Nietzsche lives in a world of man's relentless creation, this urging urging urging always procreant urge of the world — only it's met with all sorts of other forces and urges, most of which are stupid and vile. There is a nature that exceeds everything we do, a nature we forget we're part of, a beautiful mercilessness to the stream of life. Like with Foucault, there may be bird songs but those birds aren't creating territories: they're beautifully indifferent to man, a joyful exuberance of nature.
For Bergson, the world is not so complicated. Like many philosophers after him, Bergson thinks philosophers muck things up. He looks at things and sees them; he doesn't wonder if he really sees them or what they really are. Look! A chair! He's quite reasonable like that. And everything he sees is moving. And he sees himself moving, too. And everything he feels emotionally is moving.Yet when he reads philosophy, it always assumes things are primarily still. He's quite concerned with the world of philosophy. But, mostly, he just sees everything always already moving, relentlessly forging itself. No bird songs here except as something else that moves.
Kant's world is the madness of reason. He doesn't trust or believe in his senses: the world does not reveal itself to him, or to anyone, through its appearances. There's a kind of paranoia there. But in order to dissipate that paranoia, he goes in search of ideas and concepts that can reveal the order of things, a secret structure of how things go. It all gets messy when he does engage the senses, when he look at art, listens to music, eats food, or enjoys a bird song. But through some nifty engineering, he manages to have some pleasure and still hold on to his reason, however unreasonable.

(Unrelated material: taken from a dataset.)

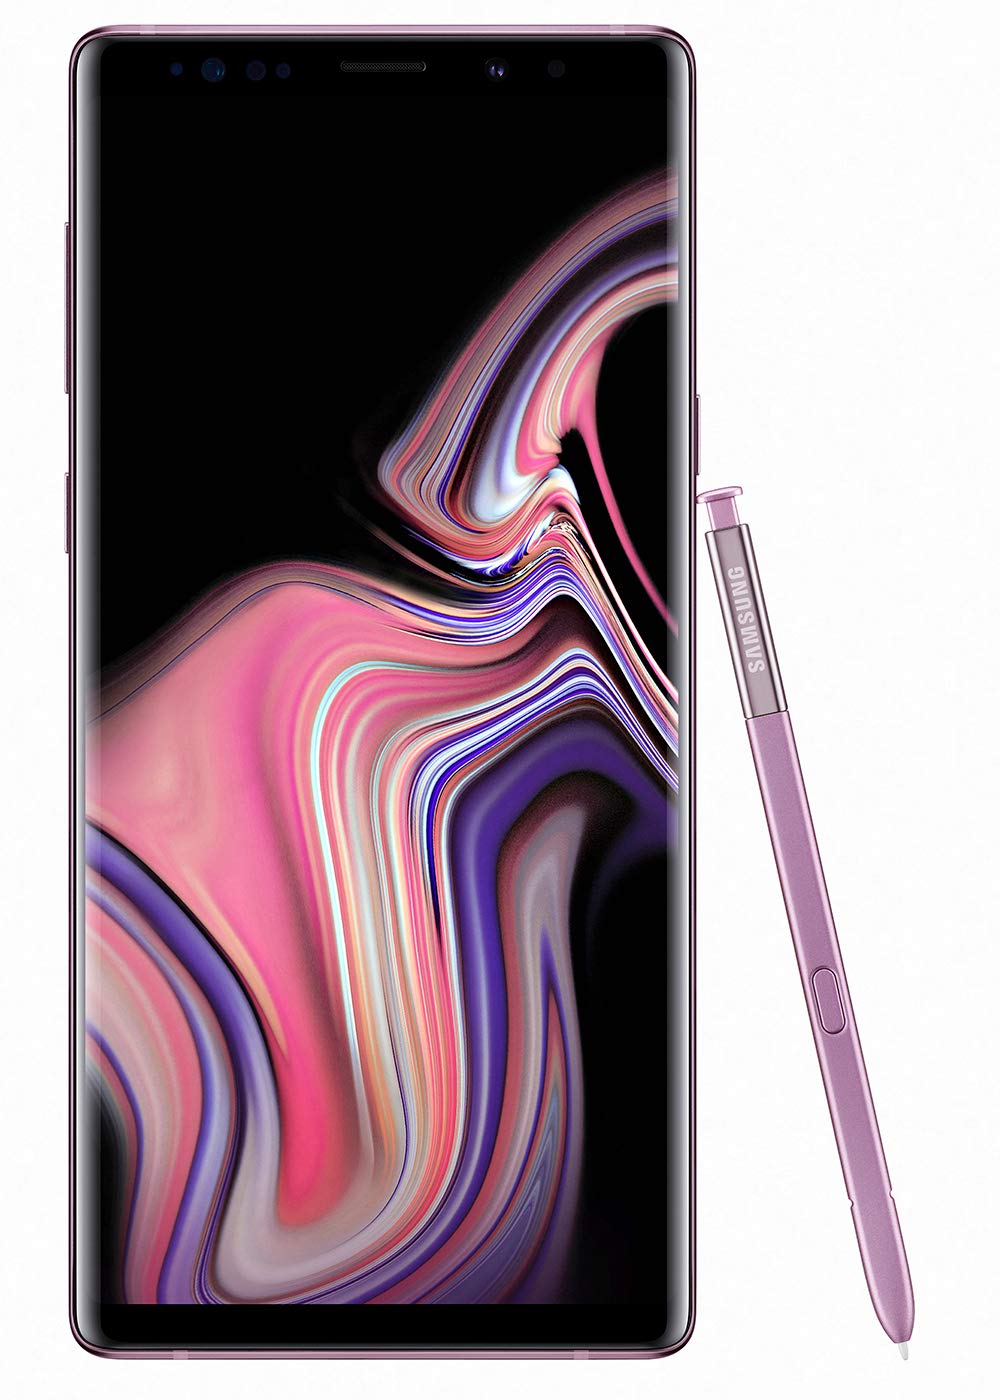 Samsung Galaxy Note 9 (SM-N960F/DS) 6GB / 128GB (Lavender Purple) 6.4-inches LTE Dual SIM (GSM ONLY, NO CDMA) Factory Unlocked - International Stock
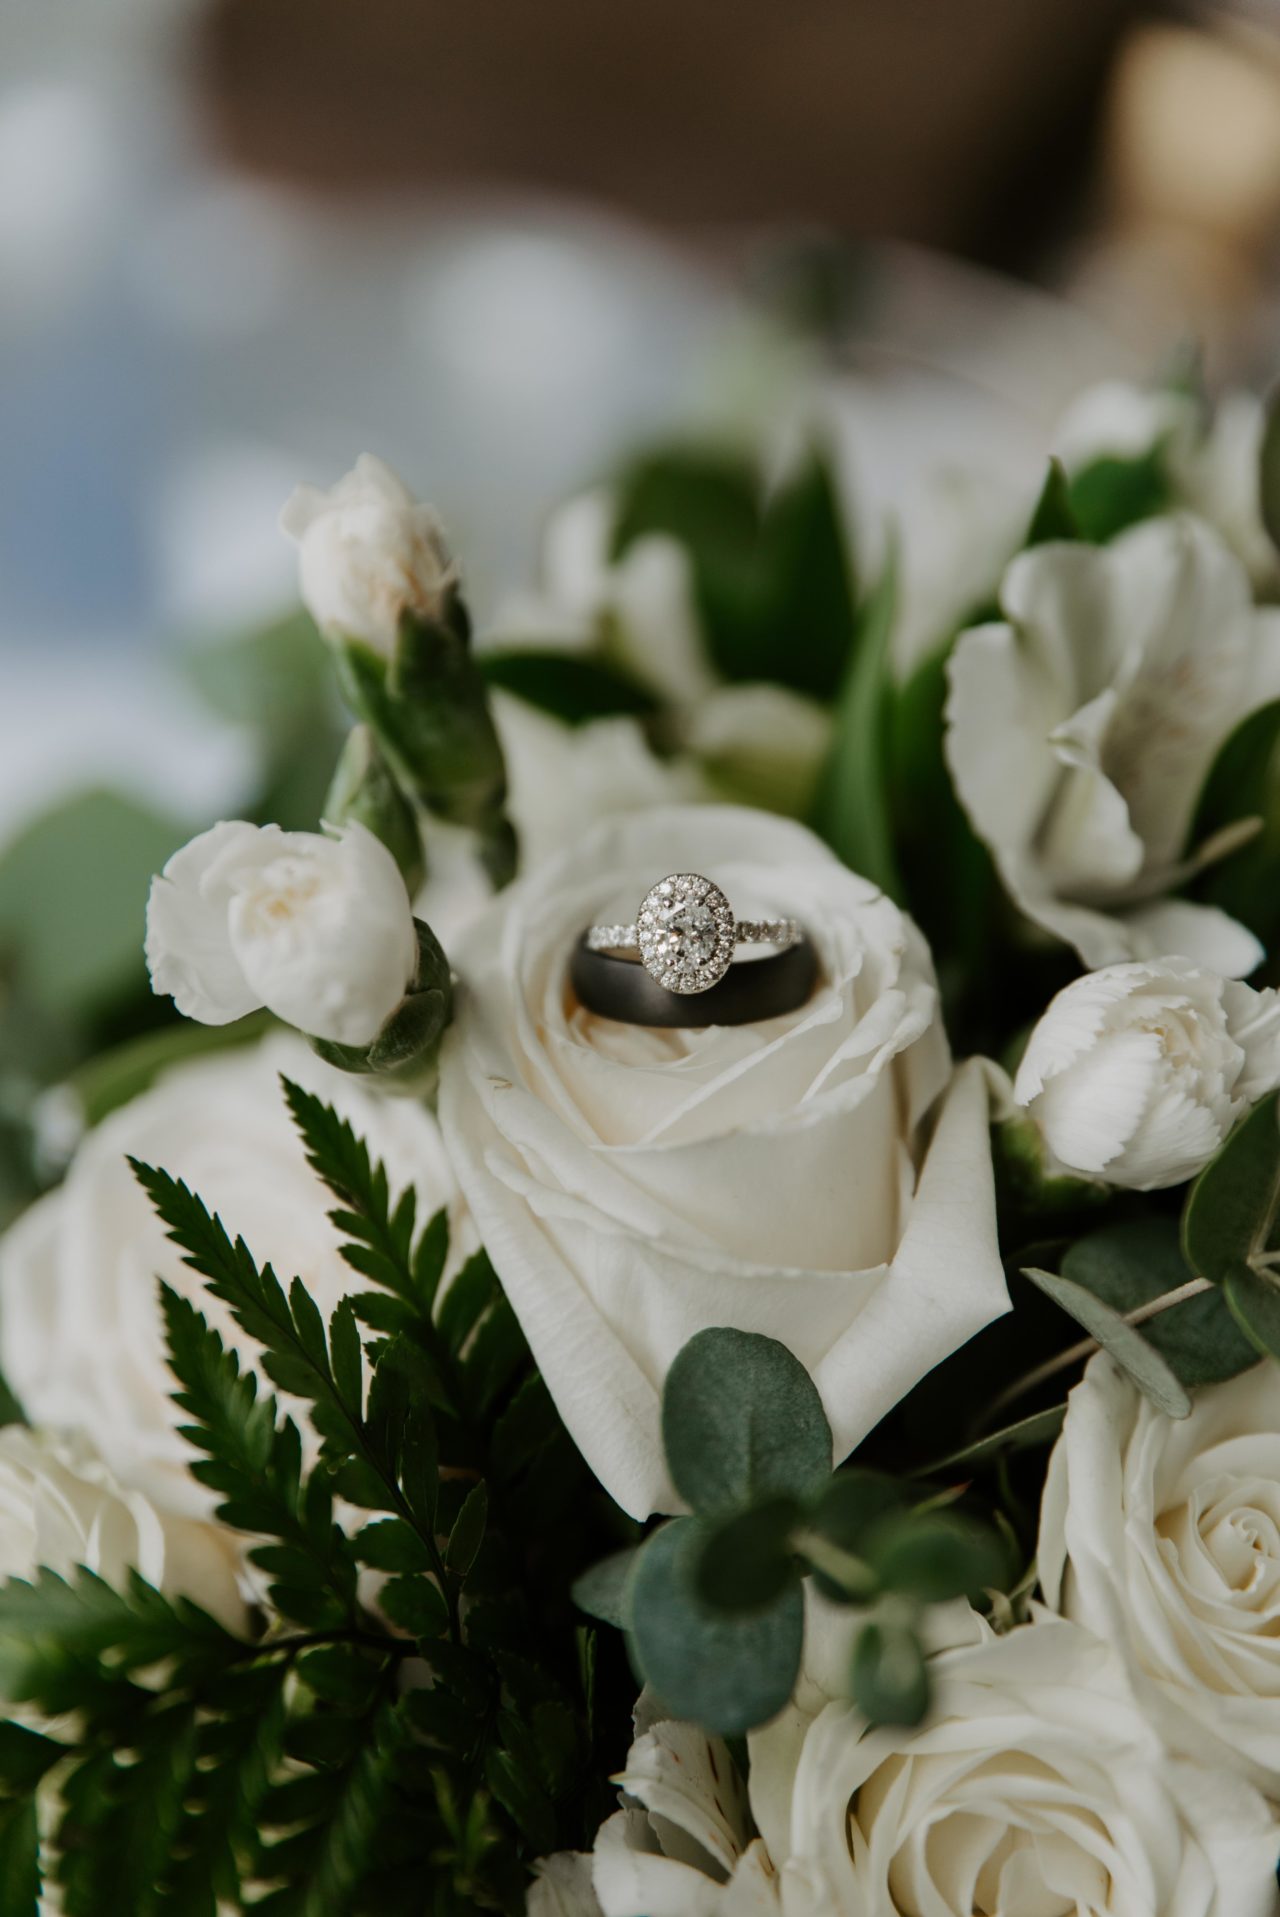 Engagement Ring Vs Wedding Ring

Socrates is an ironic shnook. He can't believe people believe they know anything, that anyone can be adamant about anything. The human world is so unsure and fleeting, how can they be certain? It's ridiculous! There is clearly some other plane where things persist above and beyond all this human silliness. Which is why he roams the streets badgering people who profess to know things, badgers them until that person either admits knowing nothing or, annoyed, walks away. This is why they killed poor Socrates: he was a nudge. And he does hear bird songs, and enjoy them, but like everything in this material world, their song gives way to a divine truth we can't see or know.
Like art and literature, philosophy gives us a world, not a truth, not the meaning of life. A meaning of life may present itself to you. I found such meaning when I read Pynchon. But meaning is not the promise of philosophy. A philosophy offers something at once more humble and more grand than meaning: it proffers a world.